TMC-1 and TMC-2 share a conserved interaction interface with the auxiliary subunits TMIE and CALM-1. (A) Lipids with strong density features and similar locations in the TMC-1 and TMC-2 density maps are shown in the context of the TMC-2 complex. TMC-1 lipids are cyan and TMC-2 lipids are black. (B) The subunit interface of TMIE in the TMC-1 or TMC-2 complex. TMC-2 is purple, TMC-1 is cyan, and TMIE is red. Interacting residues are shown as sticks. (C) The subunit interface of CALM-1 with TMC-1 or TMC-2 helices H1-H2. CALM-1 is colored yellow, and interacting residues are shown as sticks. (D) The subunit interface of CALM-1 with TMC-1 or TMC-2 helices H5-H6, colored as in (C). (E) Sequence alignment of the residues from the cytoplasmic helices of TMC-1 and TMC-2 that form the interaction interface with CALM-1. Residues in black are conserved.
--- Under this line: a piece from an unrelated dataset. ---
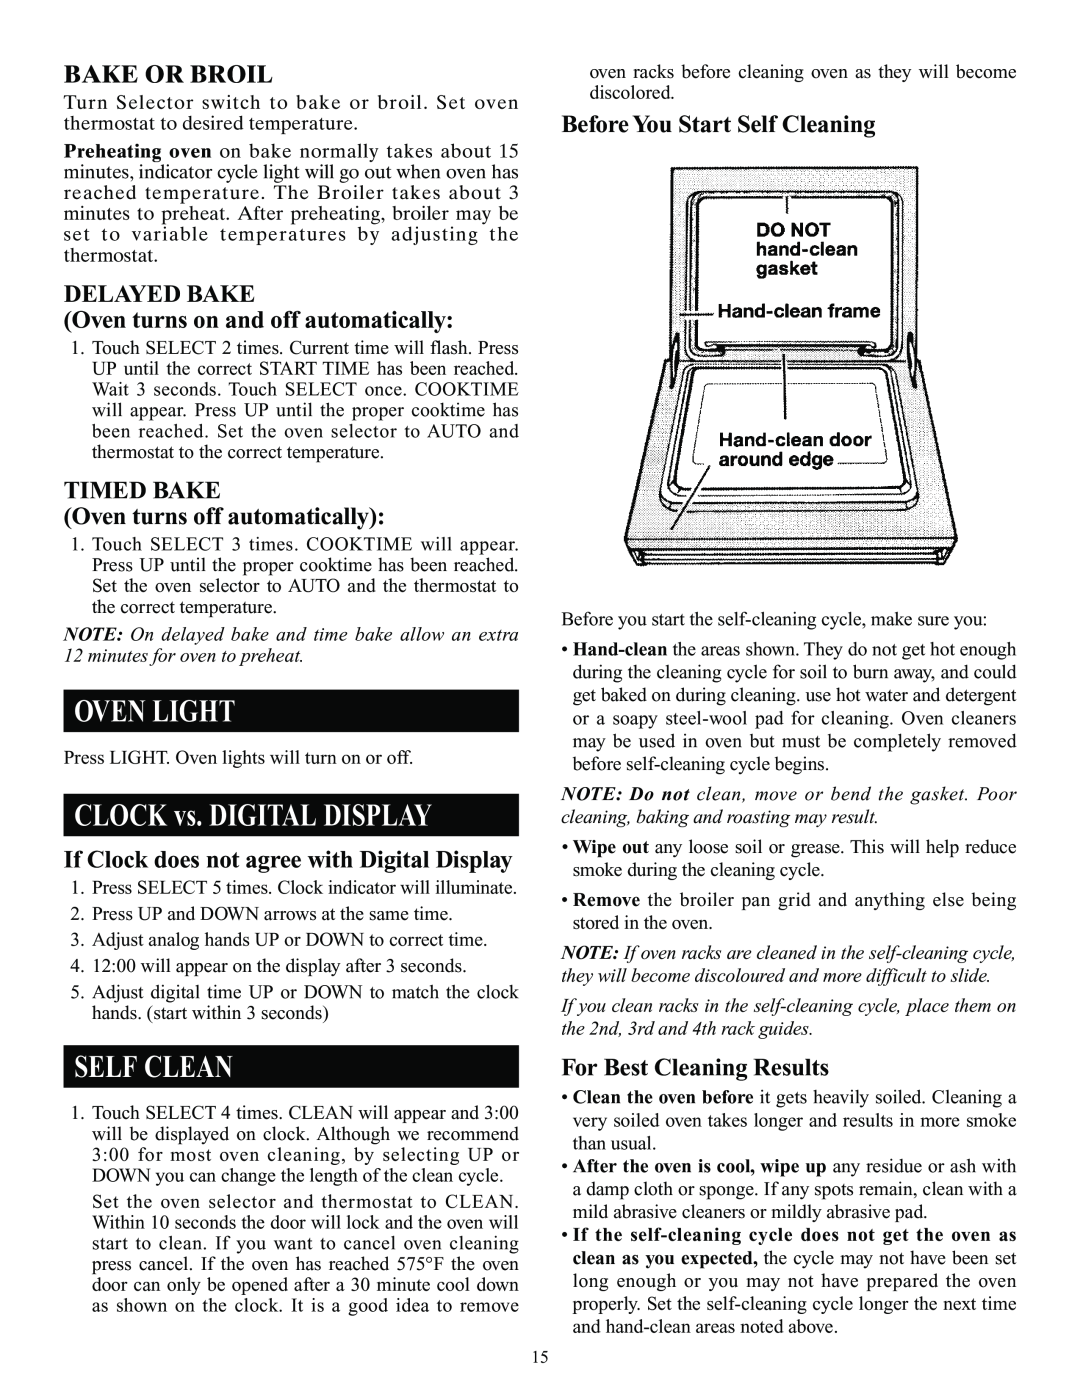 Elmira Stove Works 1954 manual Oven Light, CLOCK vs. DIGITAL DISPLAY, Bake Or Broil, Before You Start Self Cleaning

Residues in blue are conservatively substituted and residues in red are not conserved. (F) Sequence alignment of TMC-2 and TMC-1 residues that interact with TMIE. Residues are colored as in (E). (G) Lipid-like density features observed in the TMC-2 map that were not observed in the TMC-1 map. The density map is shown in red, and TMC-2 is shown in purple.

Fig. 4.

The putative ion conduction pore of TMC-2. (A) The putative location of the pore is shown as gold mesh. The pore-lining helices, TM4-8, are shown in purple, and the remaining TM helices are shown in white. (B) An expanded view of the possible ion permeation pathway, showing pore-lining residues as sticks. Residues that are not conserved between TMC-1 and TMC-2 are shown in red. A π-helical turn within TM6 of TMC-2 is shown in orange. (C) Radii of the TMC-1 and TMC-2 pores plotted along the pore axis, calculated by Mole 2.5. TMC-1 is shown in blue, and TMC-2 is shown in purple. (D) Hydropathy plot of the TMC-1 pore (Left) and TMC-2 pore (Right) calculated by Mole 2.5. Regions of the pore with high hydrophobicity values are colored yellow, and regions with high hydrophilicity values are colored blue. The size of the pore is plotted along the pore axis. (E) Multiple sequence alignment of selected residues from the putative TMC-2 and TMC-1 pore-lining helices of different species, with the residues colored as in panel (B).

Fig. 5.

Lipid-mediated interactions between TMIE and TMC-1/2. (A) Palmitoylation of TMIE C43 and C44 is observed in the TMC-2 complex. Interacting residues are shown as sticks, and a phospholipid is shown in yellow. Cryo-EM density is shown as red mesh at a contour level of 5.68 rmsd. (B) Palmitoylation of TMIE C43 and C44 is also observed in the TMC-1 complex. TMC-1 is shown in cyan, and other coloring is depicted as in (A). The density map contour level is 4.62 rmsd. (C) Schematic illustrating how lipid-mediated interactions between TMIE and the TMC-1/2 transmembrane helices may translate forces to ion channel gating. Lipid interactions may stabilize the closed conformation of the channel (Left). Disruption of the membrane due to mechanical forces could alter these lipid interactions, leading to ion channel opening (Right). Phospholipid head groups are colored yellow.